1. Hatching.—On the 20th or 21st day of incubation remove three or four eggs from the clutch under the hen, and keep them in a warm cosy place so that you may watch the process of hatching. Can you hear the chick tapping the inside of the shell? Could it have been taught to tap? Which part of the shell cracks first? When the shell has cracked, can you hear the chick chirping? Could it have been taught to chirp? Imitate the chirp and listen for a response. Keep the newly-hatched chicks in a warm, soft place. How soon do they recover from the exhaustion of hatching? Do the chicks show a liking for warm corners? Are they afraid of being touched gently?
2. Locomotion.—How soon do the chicks begin to run about? Do they stumble upon obstacles, or do they avoid or leap over them? Do they use their wings in running, or in jumping down a small step? Put a chick into a basket, and lower the basket quickly through the air, being careful not to let the chick fall out. Does it move its wings? How?

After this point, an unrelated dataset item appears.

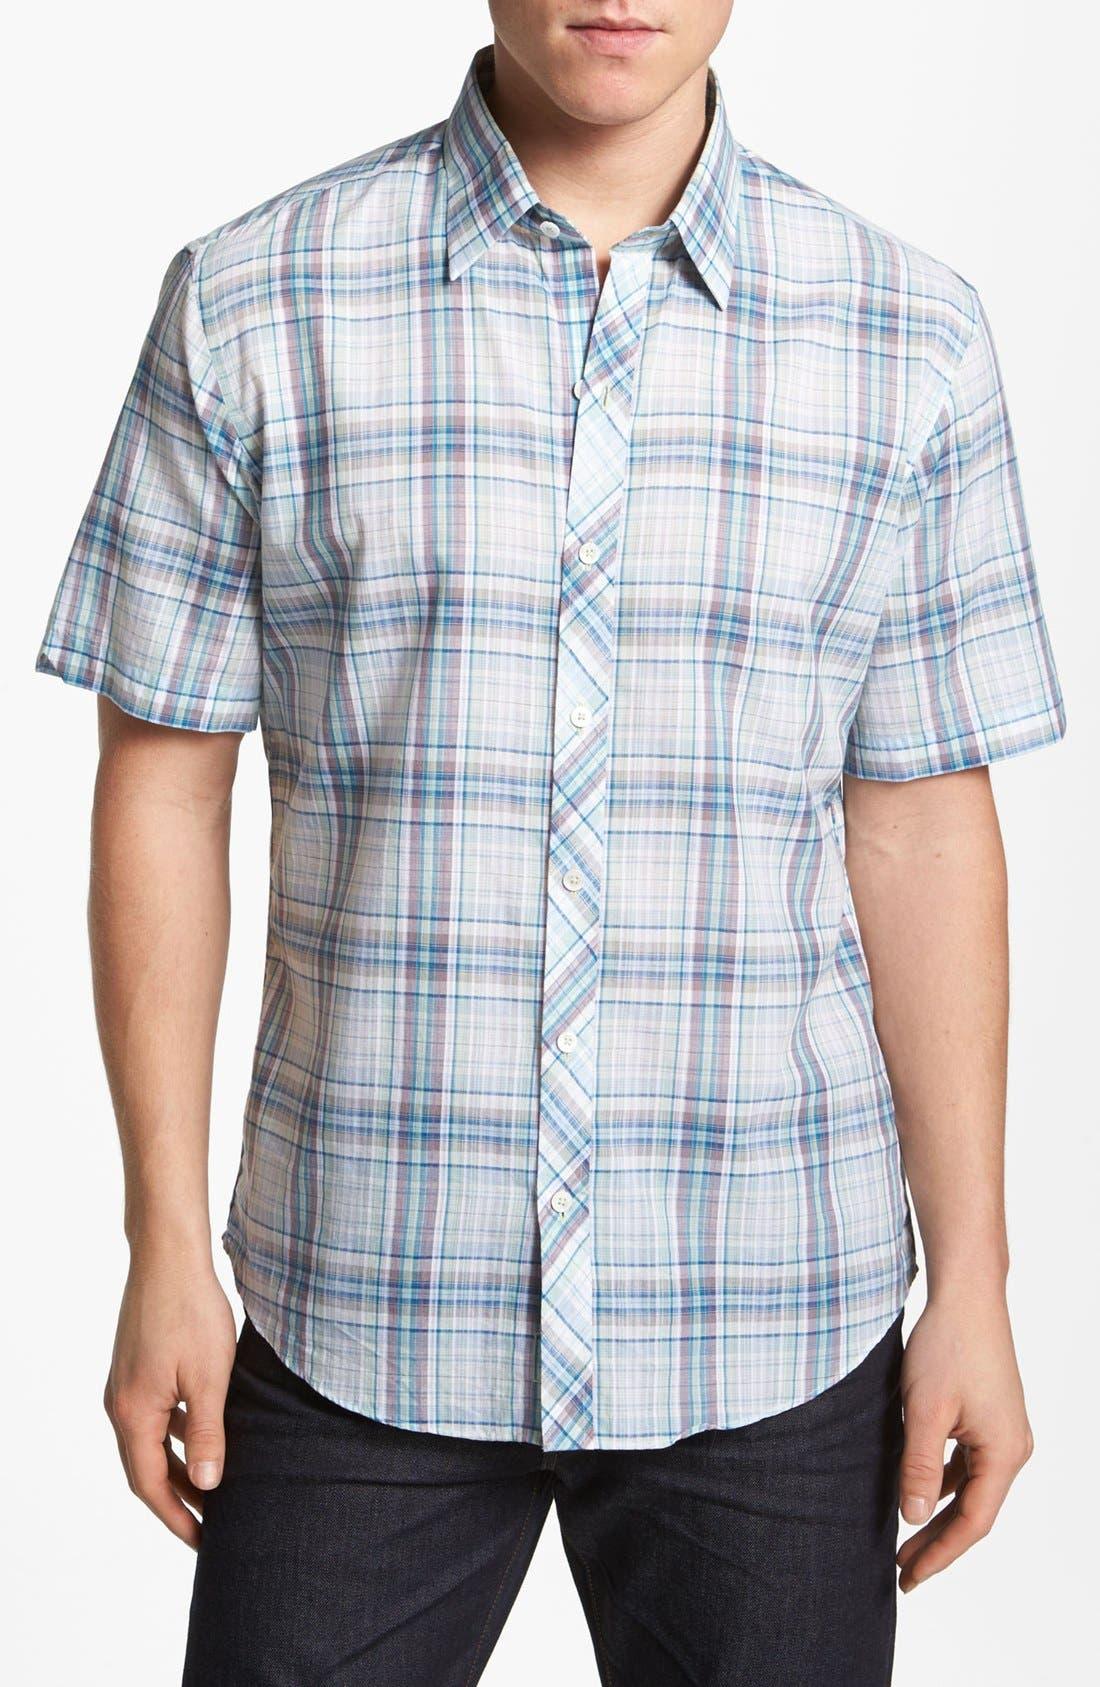 Alternate Image 1 Selected - Zachary Prell 'Soffer' Short Sleeve Sport Shirt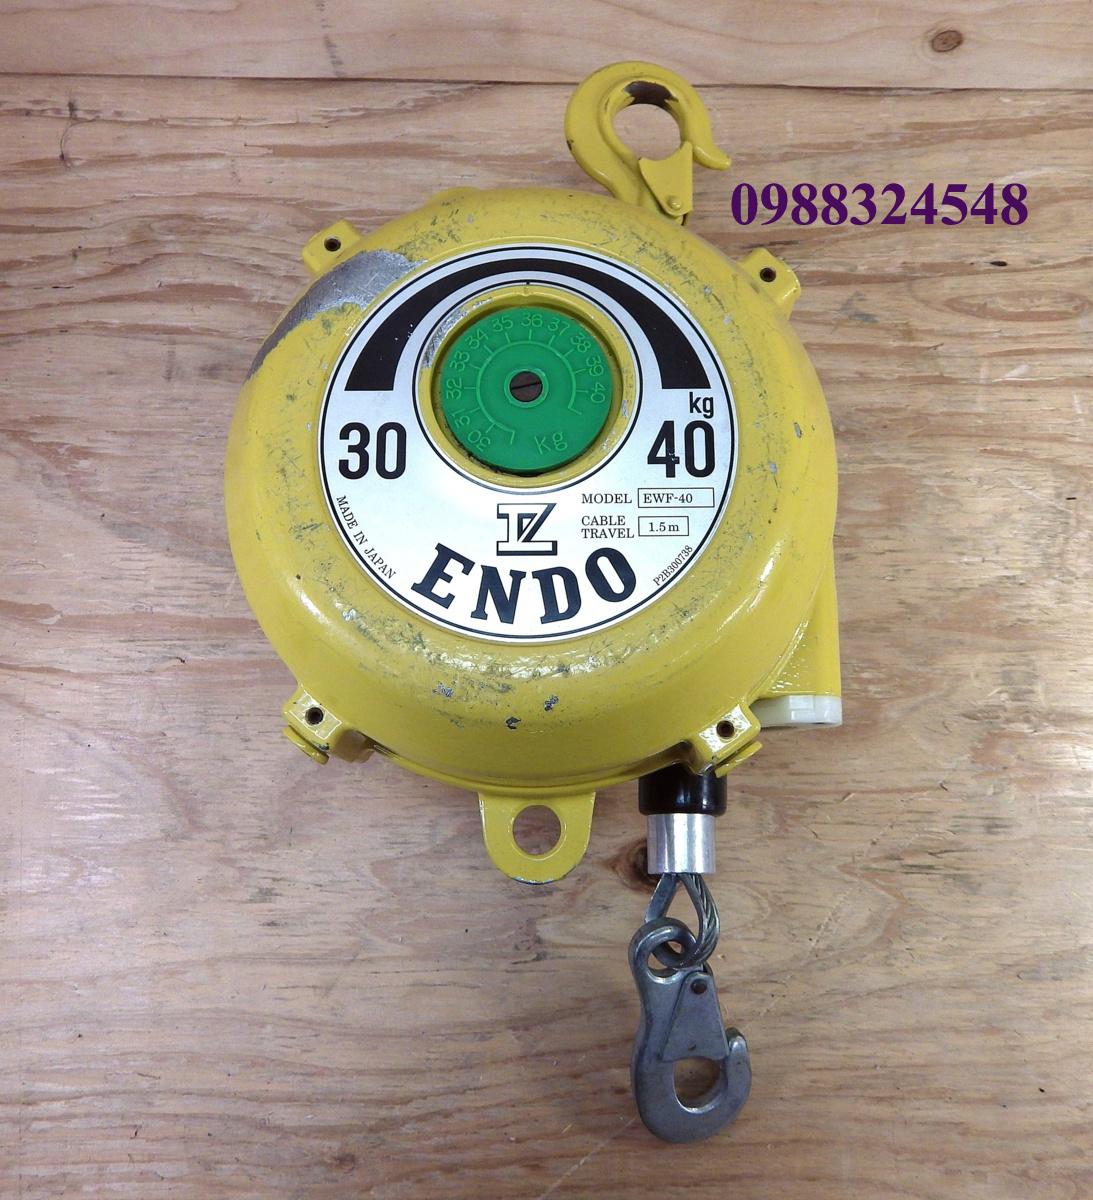 palang cân bằng Endo EWF-40

3. Feeding and drinking.—Lay a few grains of soaked wheat upon the ground before a chick which has not yet been fed. Does it peck at them instinctively? Tap a grain with the point of a pencil; does the chick now peck at it? Does it hit the grain at the first try? Does it ever strike at a grain which is out of reach? Watch a hen with her chicks; does she teach them to peck at food? How? Do the chicks know instinctively the difference between food and grains of sand, or have they to learn? Try if a chick can distinguish between a small worm and a bit of red worsted. Are young chicks afraid of large insects?
Take a chick, which has not yet drunk, to a small pool (a few drops) of water. Does it seem to know the use of the water? Induce it to peck at the water; does it now drink? How?
4. The crouching-instinct.—Clap your hands suddenly and loudly near young chicks. How do the chicks behave? Does this behaviour render them less conspicuous?
5. Non-recognition of hen.—Having made the above observations on chicks hatched apart from the hen, put the chicks among their brothers and sisters with the parent hen. Do the new-comers respond, as readily as the others, to the clucking, etc., of the hen?
6. Maternal training and protection.—How many different meanings can you recognise in the different sounds of the hen’s voice? How does she call and protect the chicks when any danger threatens them?
7. The voice of the chick.—Notice the different sounds by which a chick expresses pleasure, alarm, distress, etc.
8. Preening and scratching.—At what age do chickens begin to preen their feathers, and to scratch the ground? Try to discover if these are instinctive activities, or whether they have to be learnt from the hen.
9. Change in plumage.—At what age are the down feathers replaced by the true plumage? At what age is it possible to distinguish the young cocks from the young hens?